Nouvellechef's supersoil recipe uses rice hulls.  I have been looking at using his super soil recipe.  I've been sourcing and pricing ingredients.  I'll check out Kelp4less.  Thanks.

I am partial to this soil for my base soil.  http://www.homedepot.com/p/Kellogg-...lus-Premium-Outdoor-Potting-Mix-681/100160888.  It has rice hulls, peat moss, perlite, chicken manure, lime, oyster shell, feather meal, bat guano, kelp meal and worm castings in it.

I am so looking forward to spring!  Thanks all.


----------



## zem (Mar 3, 2017)

THG shading and cover gives several benefits, first of which is cooling the plants in hot temps, it also decreases the sharpness of the sun, provides protection from rain. The effect that i want the most is the dispersion of strong light, which i think makes the bud better


----------



## mojoganjaman (Mar 6, 2017)

is a pic here and some info... http://www.marijuanapassion.com/forum/showthread.php?p=1005474#post1005474

how many you can fit in is the question...my holes are about 2.5 wide and 3 deep...10-12 feet apart...good growing...hth



mojo


----------



## zem (Mar 6, 2017)

There is a tip that might help you if you ever decided on installing netting and/or plastic cover, you can use a metallic wire and a simple stapler to make a tightly done cover, simply staple the wire to the edges and you can then tie it to the poles


----------



## The Hemp Goddess (Mar 7, 2017)

Oh my word mojogangaman, what a beautiful plant!  Thanks for the link.

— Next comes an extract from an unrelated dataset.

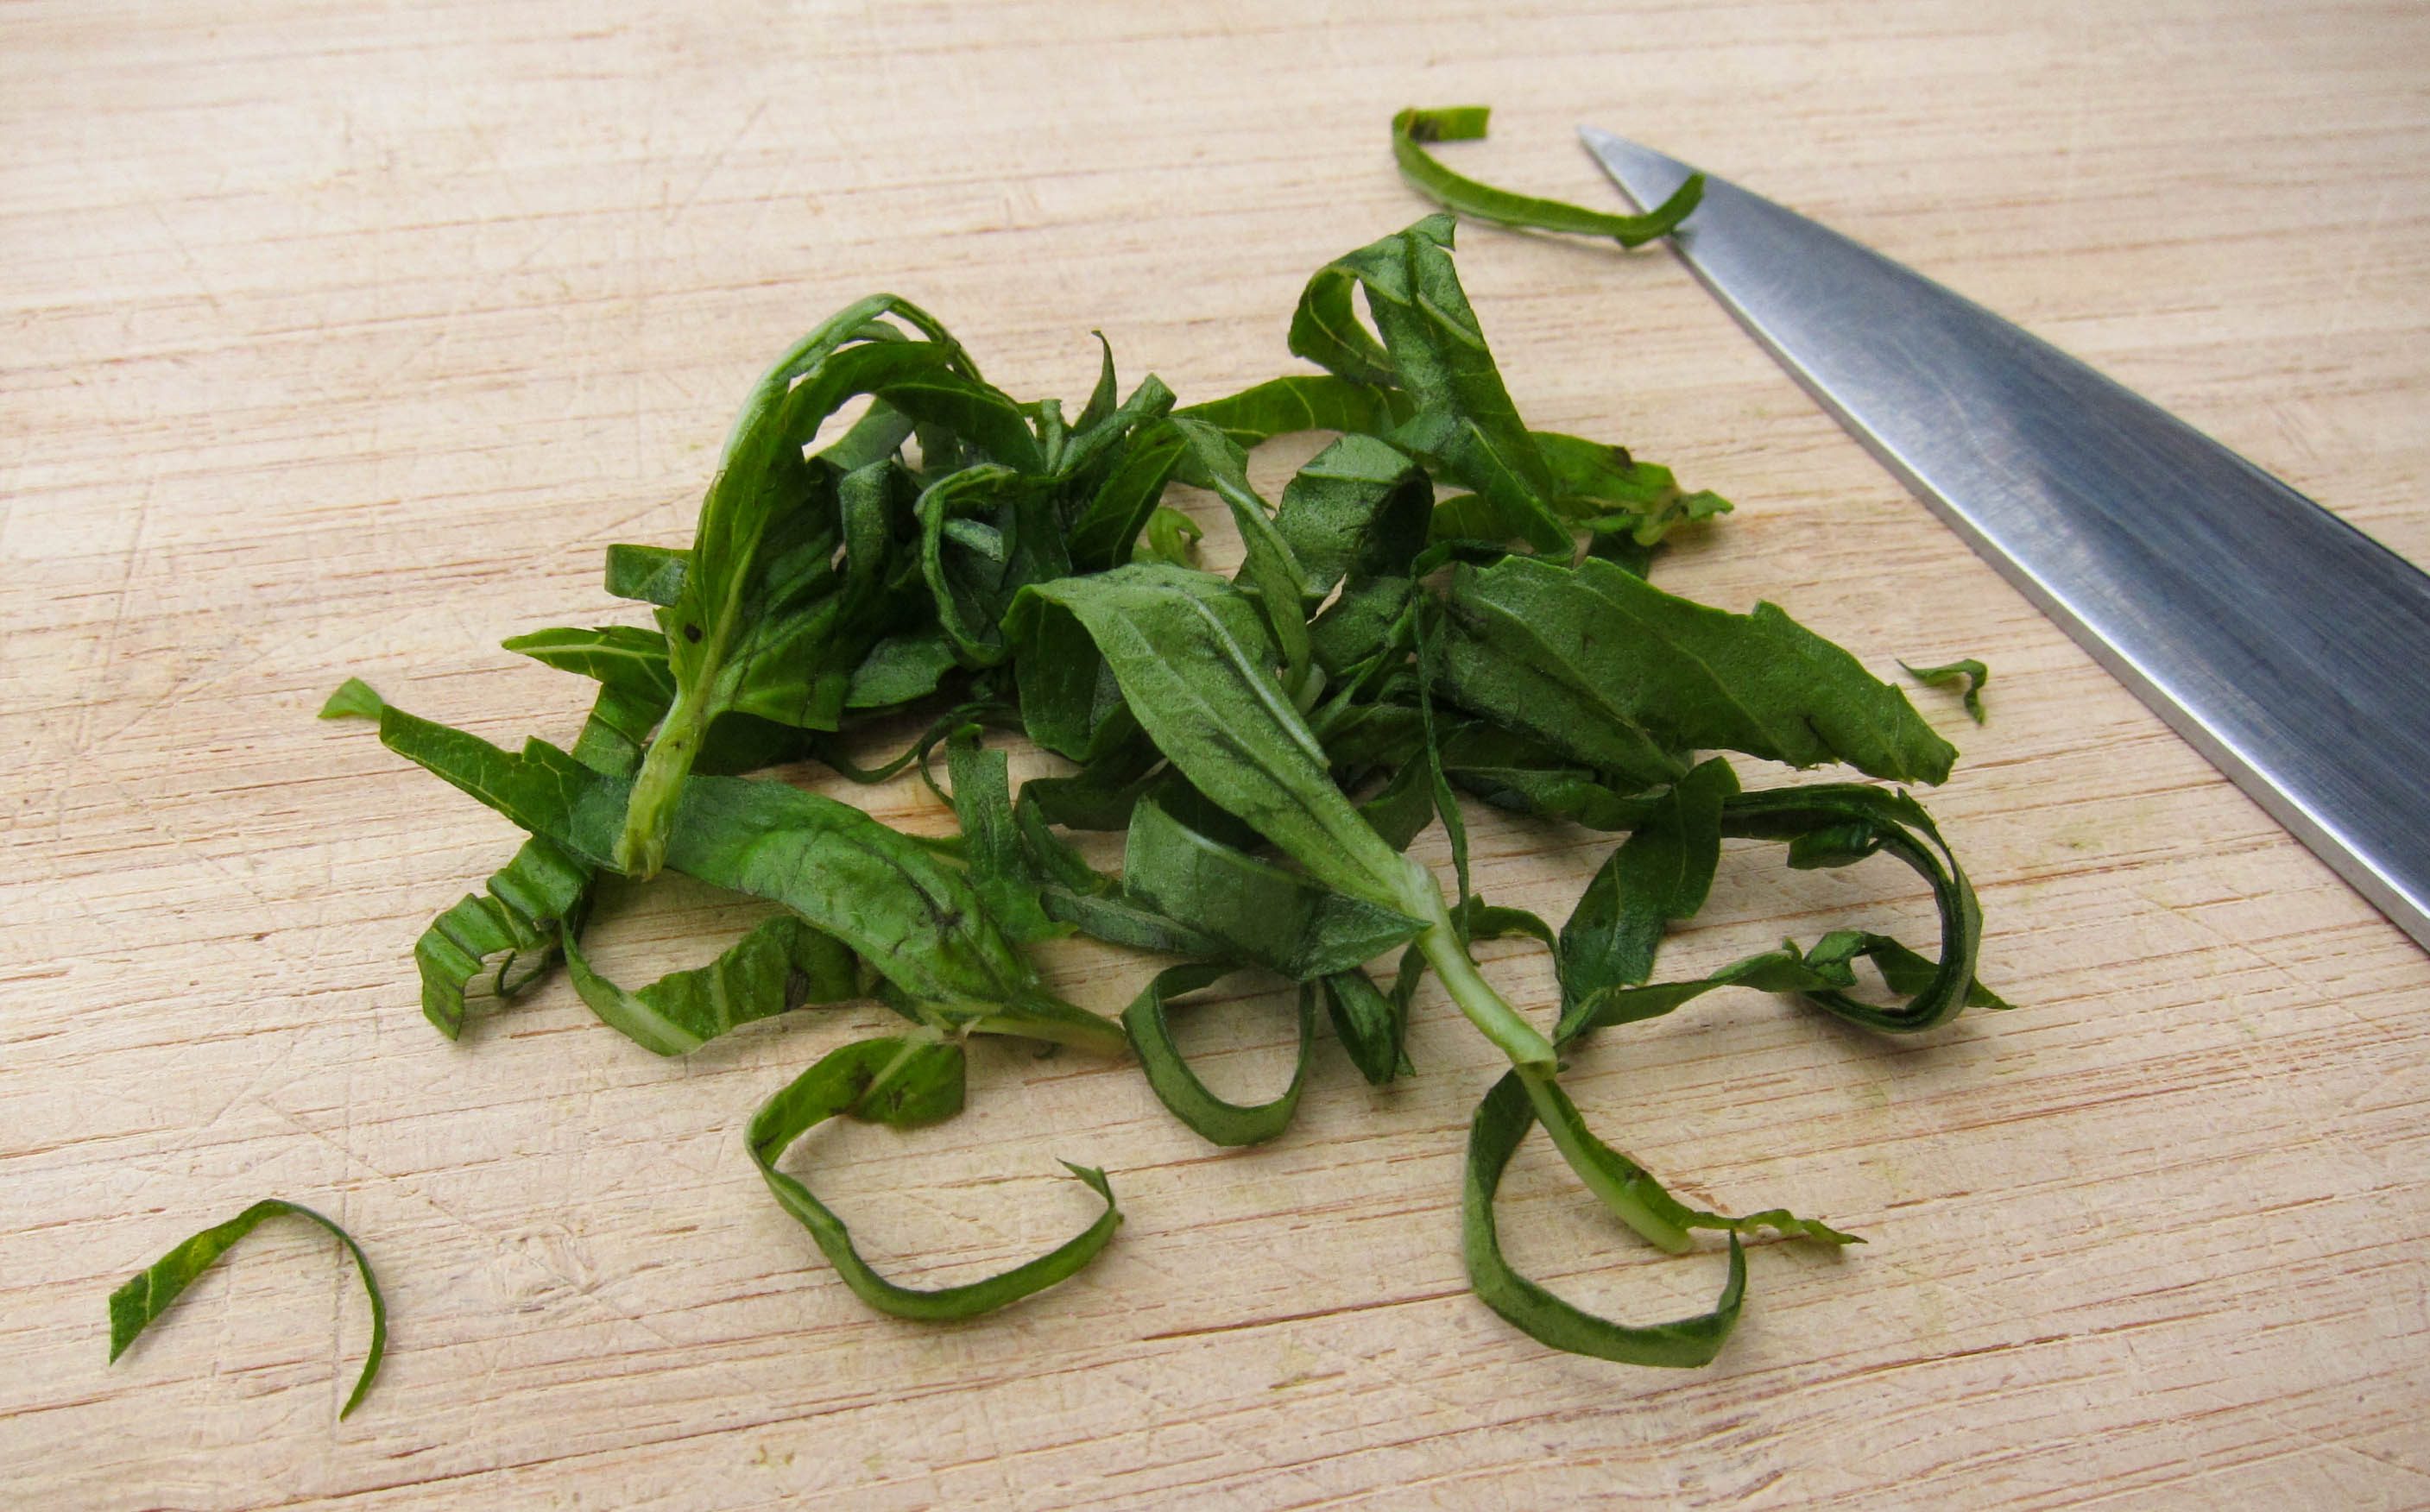 Basil cut up with knife,

Zem, I don't quite understand your post?


----------



## zem (Mar 7, 2017)

THG get a metal wire and a paper stapler place the wire on the edge of the plastic or net, fold the plastic over the wire then staple the wire in between the folded part, then you can tie the plastic and pull it easily using the wire. if it is not comprehensible, i will take a pic for you


----------



## orangesunshine (Mar 7, 2017)

i like the diy zem technique for cover---hope to remember it when i need it---but---just a reminder---not everyone needs shade/cover as every space is different


----------



## zem (Mar 9, 2017)

I am glad that you liked it OS, I learned it from traditional greenhouses in Spain. THG you also need to make sort of a security barrier below especially if you decide to put plastic just in case it falls for any reason, it has some weight that might ruin your crop, simply using wires X shaped from the poles would suffice I guess, and if the plastic is stapled well and tightened well with proper inclination for drainage, it is very unlikely to break off. Loose plastic is horrible. Another tip, to tighten wires between poles, first you have to tie them pretty loose to be able to roll the wire around a screwdriver or a metallic rod after you have tied it to the poles. You can then use it like a handle to tighten as much as you want


----------



## The Hemp Goddess (Mar 9, 2017)

It does get quite hot here in the summer.  I am sure the plants would appreciate shade cloth.  Also, it is very possible to get a frost before the plants are done, so they may need to be covered.  Thanks for the tip, zem.

Decided to use NV's super soil.  Going to pop around to the feed stores and see what I can get locally.  I'll order what I can't get here.  

Thanks for the help!


----------